Since its formation and the introduction of a multi-party system, the DPS has played a dominant role in Montenegrin politics, forming the backbone of every coalition government until the 2020 parliamentary election, when it entered the opposition. This marked the first time since 1945 that the party, including its predecessor incarnation, had not been in power. Prior to the 2020 election, the party strongly supported the controversial religious freedom law, causing tensions across Montenegro and the rise of the Serbian Orthodox Church in Montenegrin politics. The Church gaining more power gave motivation for the ethnic nationalist faction to rise in the party, with which some members such as the civic nationalist Filip Vujanović had issues since 2011. The ethnic nationalist wing of the party also supported renewing the Montenegrin Orthodox Church, which led to the DPS being accused of creating a "party church".

== History ==

| Slobodan Milošević | Momir Bulatović |

=== Background: Dissolution of the SKCG and foundation of the DPS (1989–1996) ===

The history of the DPS begins with the political turmoil in Yugoslavia in the late 1980s. After Slobodan Milošević seized power in the League of Communists of Serbia, he went on to organize rallies that eventually ousted the leaderships of the League of Communists of Yugoslavia local branches in Vojvodina, Kosovo, and Montenegro. This series of events, collectively known as the Anti-bureaucratic revolution, swept into power new party leadership in Montenegro, one allied with Milošević, personified in Momir Bulatović, Milo Đukanović, and Svetozar Marović.

Official party logo stylized in Cyrillic script as was used during the 1990s

Under this new leadership, the League of Communists of Montenegro won by a landslide in the 1990 Montenegrin general election, the first relatively free multi-party election in Socialist Montenegro, held in December 1990, taking 83 out of 125 seats in the Parliament of Montenegro.

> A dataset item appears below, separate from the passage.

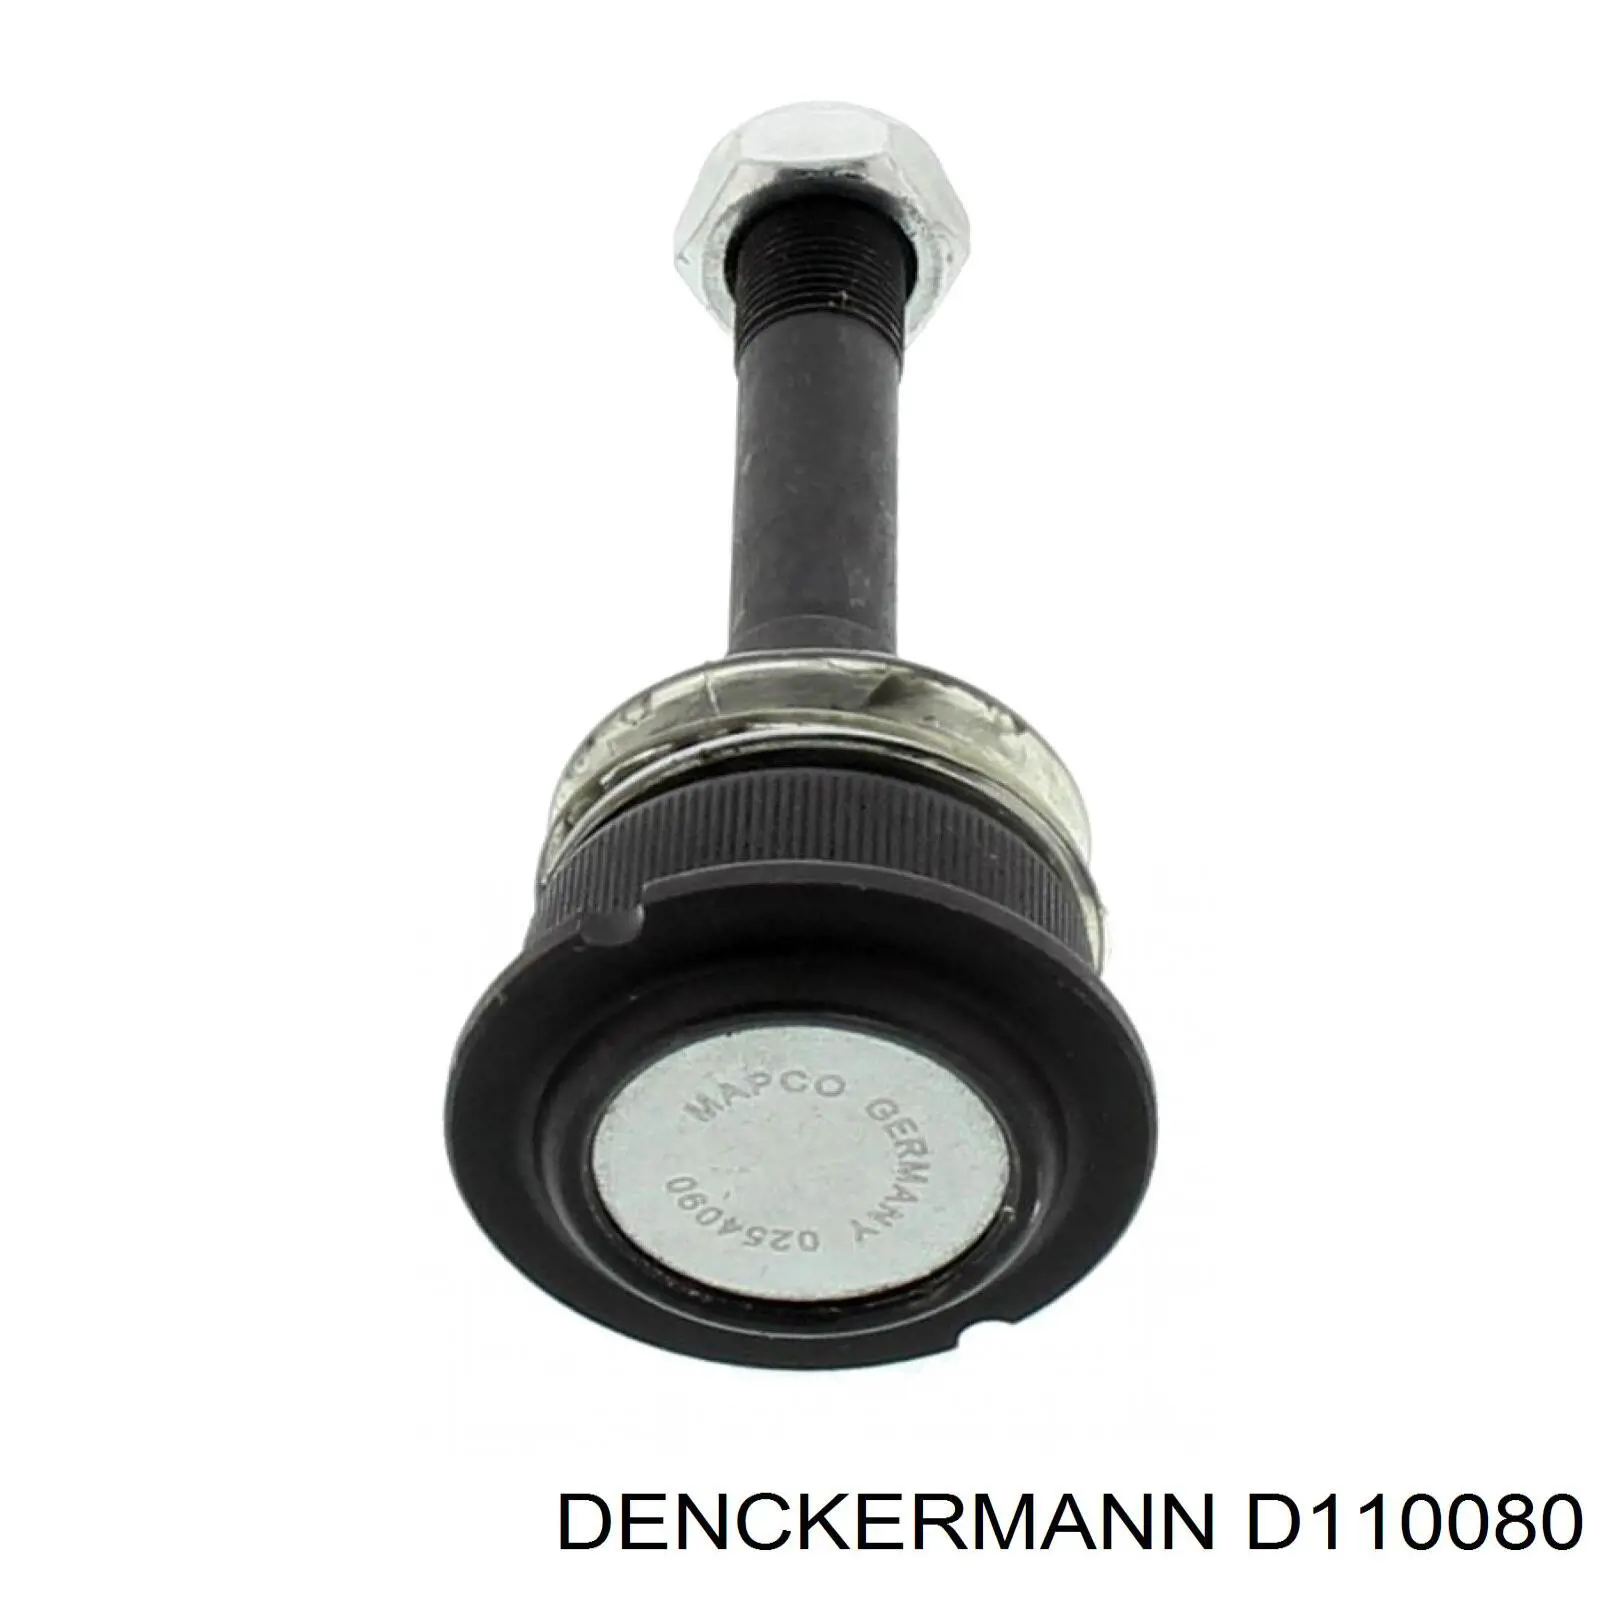 D110080 Denckermann rótula de suspensión inferior

The party had a significant head start in the elections, as it had the entire established party structure at its disposal, while newly formed competition had to start from scratch. The party changed its name to the Democratic Party of Socialists of Montenegro (Demokratska partija Crne Gore) on 22 June 1991.

With Bulatović as the president, the DPS closely aligned Montenegro with Serbia and the policies of Slobodan Milošević. The party was firmly in power during the turbulent early 1990s, which saw the breakup of Yugoslavia and the beginning of the Yugoslav Wars. During these years, the party endorsed a union and close relations with Serbia, its sole partner in the Federal Republic of Yugoslavia (FRY) from 1992. The party maintained the support of the electorate in this difficult period for Montenegro, winning both the 1992–1993 and 1996 parliamentary elections.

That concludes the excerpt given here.